Friday, 7 November 2014
Dumb people should die.
Technically, I'm not dumb. I have an above-average IQ. I hold a degree with honours from a local uni (nothing THAT amazing I know but statistically still significant). Currently, hiding my condition, I'm gainfully employed, earning at least 20% more than the Median Gross Monthly Income* despite having started work for less than a few years.

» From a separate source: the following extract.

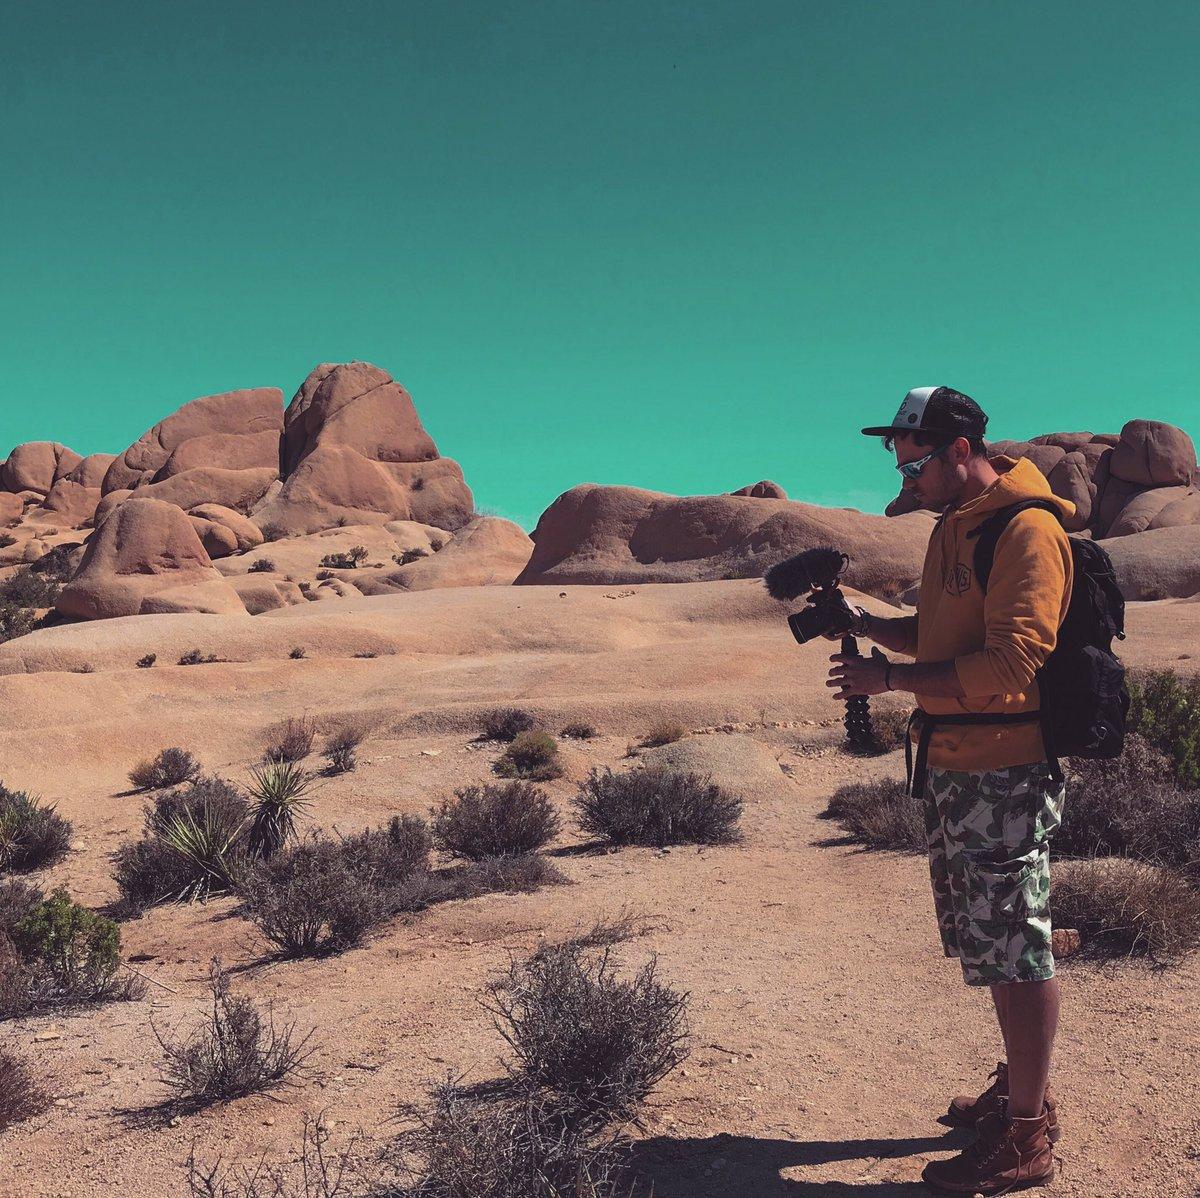 Filming in Joshua Tree National Park, CA . . . . #vasilismanjuranis #joshuatree #joshuatreenationalpark #joshuatreebouldering #thejoshuatree #filming #greekyoutuber #greekvloggers #greekvlogger #travelblogger #traveling #solotraveler #traveler #travel  #california #nationalparks

You may argue that I'm 'dumb' for 'not being able to help myself' or not being able to handle the 'truth' that what I'm going through is not even 'that bad'.
You're right - I can't help myself (in a way) - that's why depression IS an illness.
I can't help feeling lousy. I can't help feeling sluggish. I can't help feeling helpless. I can't help breaking down in tears when a 'minor' mishap happens.
Perhaps, when someone can no longer escape this terrifying internal whirlpool of negative thoughts and emotional pain, this person is really sick and in need of help and NOT just 'dumb'.
Btw, my logical mind tells me to seek help - so I did.
I tried to help myself in unhealthy ways at first. And of course, things spiraled downwards and life got worse.
Then somehow by God's grace I was able to find healthier ways - by seeking help from mental health professionals etc.
So it's not like I totally am 'not able to help myself'... Maybe it's just not the kinda "help" you think I should get.
Then even if maybe depressed people are so-called dumb. THEN? Help us. We are too 'dumb'. Calling us names and condemning us won't help. Then you're "dumb" too for not knowing how to help or not willing to help or maybe you're too 'dumb' to understand depression.